ASK anyone to describe a typical teenager’s bedroom and the word they will most commonly use is “messy.”

Teenagers are renowned for the state of their rooms, the mugs of cold coffee, three-week old half-eaten pizzas and clothing strewn across the floor.

Sky News presenter Jacquie Beltrao made headlines this month for claiming her teen son has the world’s messiest room.

She shamed him by posting a photo of his bedroom on Twitter, while jokily asking if anyone could compete with it.

Of course, others came forward, including newspaper columnist Sarah Vine, saying her daughter’s ‘pit’ makes warthogs look house-proud. Needless to say, photos of the teenager’s bedroom appeared online for the world to see.

I feel sorry for teenagers: it is as though they are expected to have messy rooms as a badge of honour. Yet many don’t. My eldest daughter, now at university, had an immaculate room with everything in its place.

Her younger sister, I admit was messy, and yes I did find all manner of stuff, including the remains of days-old meals - lurking in corners. But, however messy she was, she could not compete with an even messier individual - her mother.

I am messy parent. I leave mess everywhere, from table tops to sofas to floors. Give me a tidy room and I will manage to mess it up.

I want to be neat but somehow I can’t achieve it. I move piles of stuff to clear spaces, but simply end up putting it somewhere else. I don’t have a home for so many things, from newspapers, which I am always picking up and flicking through, to unironed laundry… what I would give for a utility room.

There are certainly, other messy parents out there. I remember as a child, some of my friends’ parents keeping very dishevelled homes. In one, I was always appalled that the beds were never made and dirty pots sat in the kitchen.

A report in the magazine Psychology Today states that the messy room is emblematic of the adolescent age.

It usually begins in early adolescence, it says, due to ‘personal disorganisation’ brought on by growth changes resulting in a state of ‘internal confusion and external disarray that quickly attracts perents’ attention.’

In my family the tables are turned. I am by far the most disorganised person in the house. ‘Internal confusion and external disarray’ accurately sums me up and must go some way towards explaining the way I live.

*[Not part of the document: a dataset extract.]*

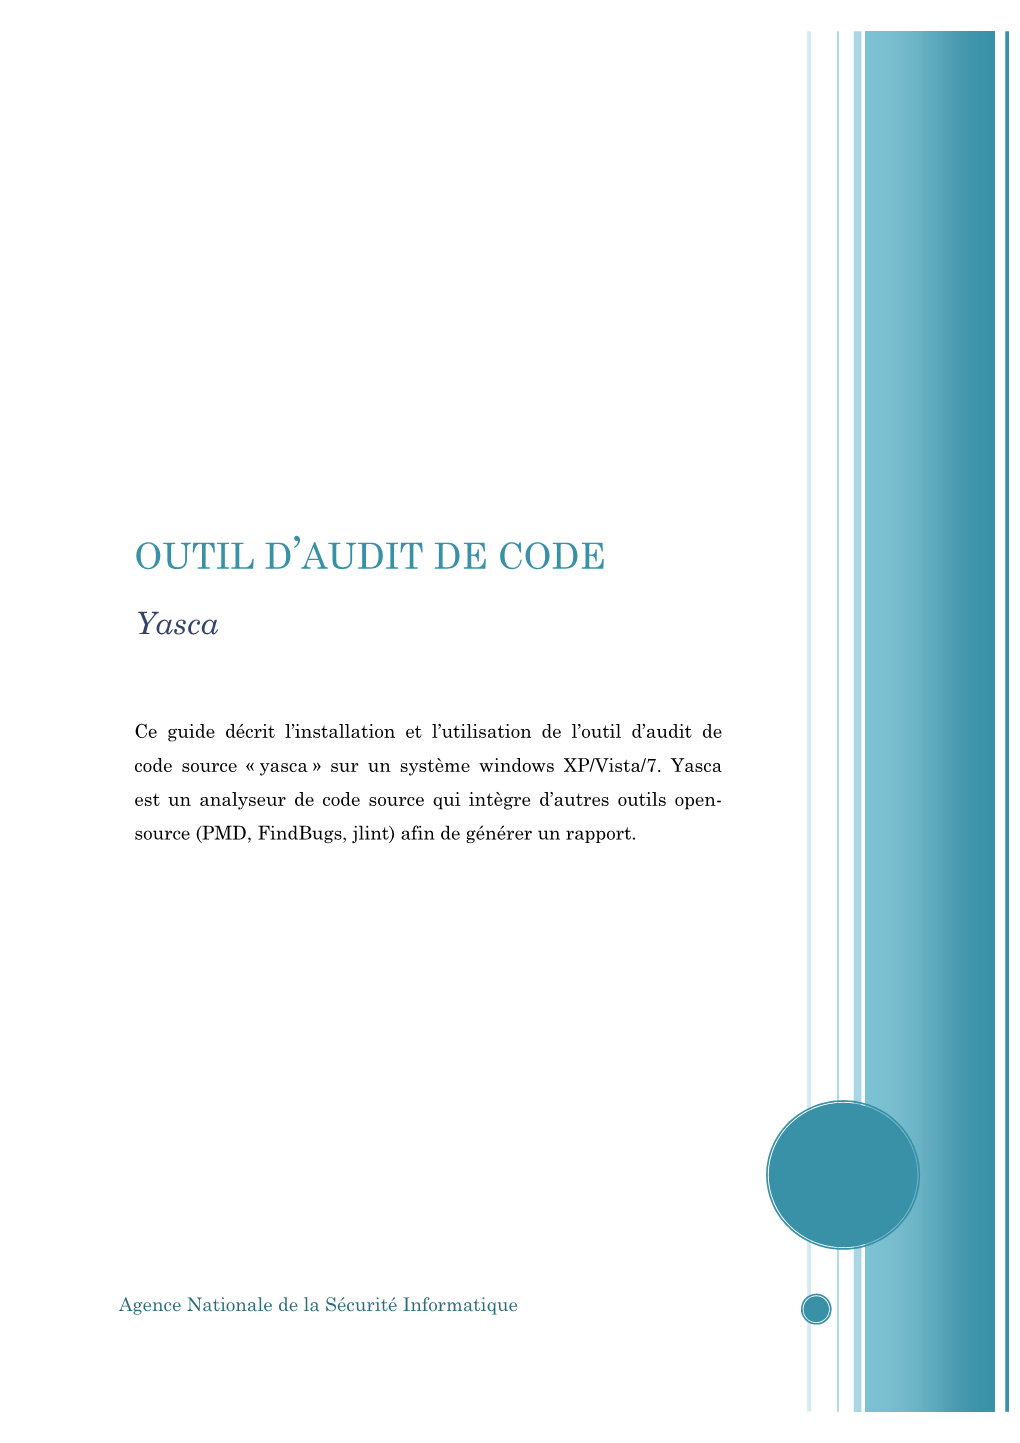 Outil D'audit De Code Source

It is my messiness that attracts attention from my children. “If I bring a friend home will you tidy up, Mum?” they will ask. Ironically, in her late teens, my messy daughter would not invite friends round because, she said, she was ashamed of the mess.

I’m not going to present pictures of my cluttered bedroom - that would be too personal and I do feel for these teens whose parents reveal their rooms to the world - but I can offer up my dining table as it looks at the time of my writing.

I genuinely don’t want to be messy. I would love my home to be neat and tidy - a scene of domestic order. Were this the case I am sure I would feel calmer and more organised.

But at present I can’t see it happening. As the Psychology Today report points out, ‘the messy room represents personal freedom to live on his or her own terms.’

Quite. Just like many teenagers, for now, I am unable to live without mess. I publicly apologise to my daughters for being a messy parent.